I bought the game in my local toy shop named Bart Smit (Dutch name) 
When i bought it and when i got home i started playing the game.
I never played Animal crossing before but it was very nice i was the owner of The Hague (City in the Netherlands where i lived)
I had lots of fun with my residents and we all had a nice time.
I don't know who my starting villagers where but i know that 2 of them where Cody and Simon.
So yeah!
That was my story about the beginning of the game


----------



## lars708 (Mar 17, 2015)

timbo said:


> Nice story!
> Toad from Mario is nice i just was a normal person
> 
> - - - Post Merge - - -
> ...



Lol i have never heard of those villagers! But nice story though!


----------



## timbo (Mar 17, 2015)

lars708 said:


> Lol i have never heard of those villagers! But nice story though!



Thank you very much!


----------



## lars708 (Mar 17, 2015)

How many badges do you have? I have all of them at least bronze, it took me nearly two years!


----------



## Nimega (Mar 20, 2015)

I will always remember my first birthday after getting ACWW. I started to play, and Aurora was there with a cake for me, from all my villagers. It was very nice!


----------



## Earth Wolf-Howl (Mar 20, 2015)

Nimega said:


> I will always remember my first birthday after getting ACWW. I started to play, and Aurora was there with a cake for me, from all my villagers. It was very nice!
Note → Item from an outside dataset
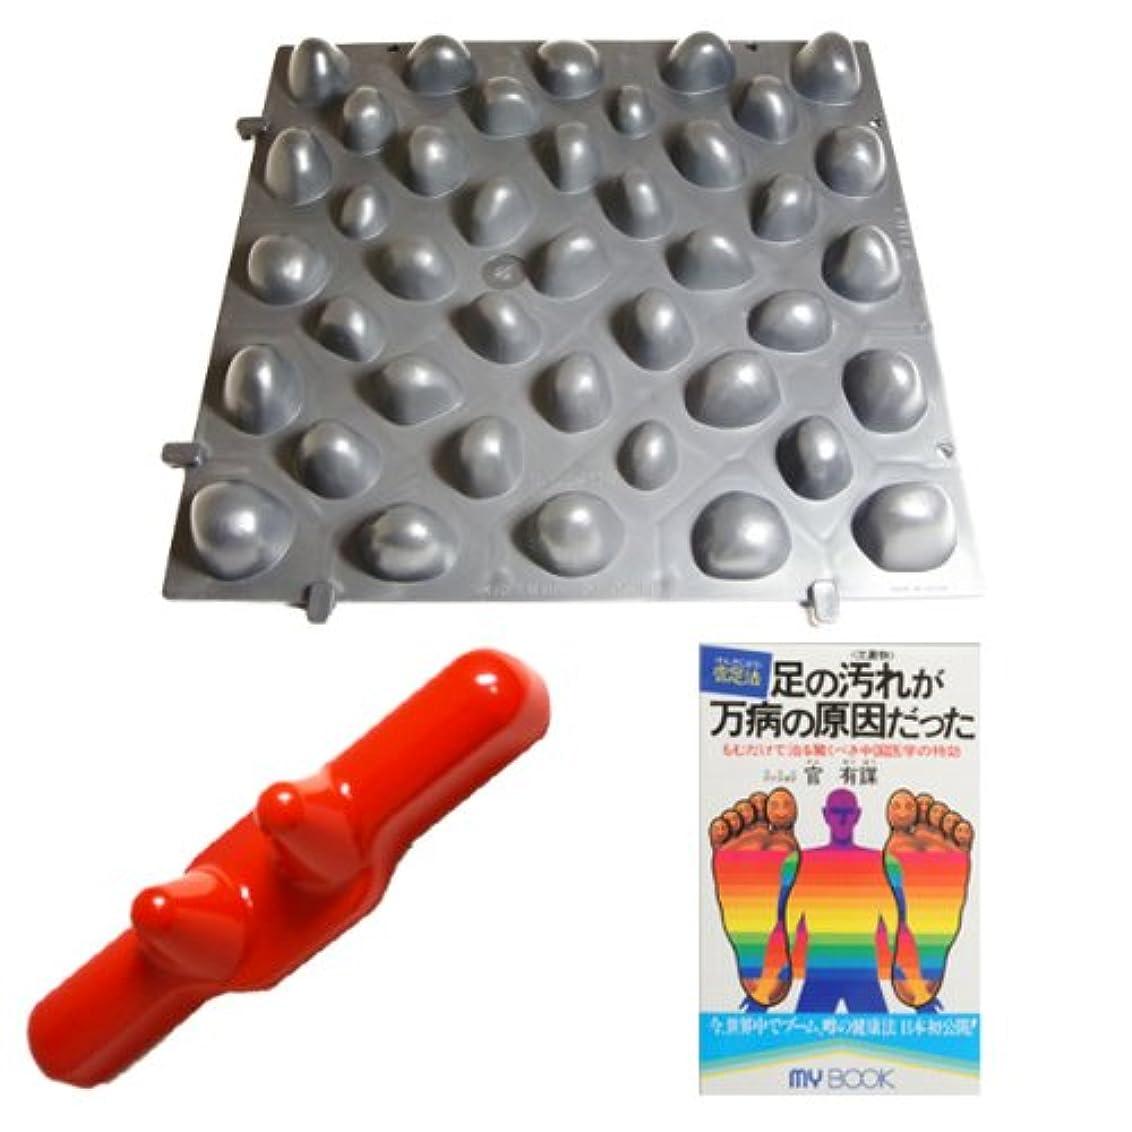 機動顕微鏡ブレス官足法ミニ3点セット プチマット、赤棒ミニ、足の汚れが万病の原因だった(書籍)

This reminds me of my first NL Birthday. Pierce (surprisingly, not Kyle) showed up at my place and took me to his. There were my two other favourite villagers- Kyle and Erik. Though I'd TTed ahead and it wasn't actually my birthday, it kind of made me feel warm and fuzzy like that. I'm looking forward to actually seeing it once the time rolls around.


----------



## lars708 (Mar 21, 2015)

Earth Wolf-Howl said:


> This reminds me of my first NL Birthday. Pierce (surprisingly, not Kyle) showed up at my place and took me to his. There were my two other favourite villagers- Kyle and Erik. Though I'd TTed ahead and it wasn't actually my birthday, it kind of made me feel warm and fuzzy like that. I'm looking forward to actually seeing it once the time rolls around.



Yeah the New Leaf Birthdays are fun! I remember my first birthday, i do not time travel so it was my real birthday and Wendy was there! My favorite villager! And she gave me a violin as a present! I really liked it! I know it is orderable but it is a nice furniture piece nontheless!


----------



## Earth Wolf-Howl (Mar 21, 2015)

lars708 said:


> Yeah the New Leaf Birthdays are fun! I remember my first birthday, i do not time travel so it was my real birthday and Wendy was there! My favorite villager! And she gave me a violin as a present! I really liked it! I know it is orderable but it is a nice furniture piece nontheless!



Sweet! I can't remember what Pierce gave me, but I was sent a Polka-Dot Clock from Deli and an Exotic Lamp from Mallary. I set them up in my basement.


----------



## lars708 (Mar 21, 2015)

Earth Wolf-Howl said:


> Sweet! I can't remember what Pierce gave me, but I was sent a Polka-Dot Clock from Deli and an Exotic Lamp from Mallary. I set them up in my basement.



Do villagers actually send you rare items? I got a shopping cart from Kitty once, it is not rare but it is a Spotlight item so definitely valuable!


----------



## Ceewah (Mar 21, 2015)

In my first New Leaf game, I named the town Cherry, and lo and behold, I got cherries as my town fruit  I also got my favorite villager of all time, Rosie, as one of my starting villagers, and I was so excited  I distinctly remember a conversation she had with Eugene where she was saying: "You can't yell at me for being too beautiful! That's like yelling at the sun for being too sunny." Eugene started to freak out, which I found slightly comical.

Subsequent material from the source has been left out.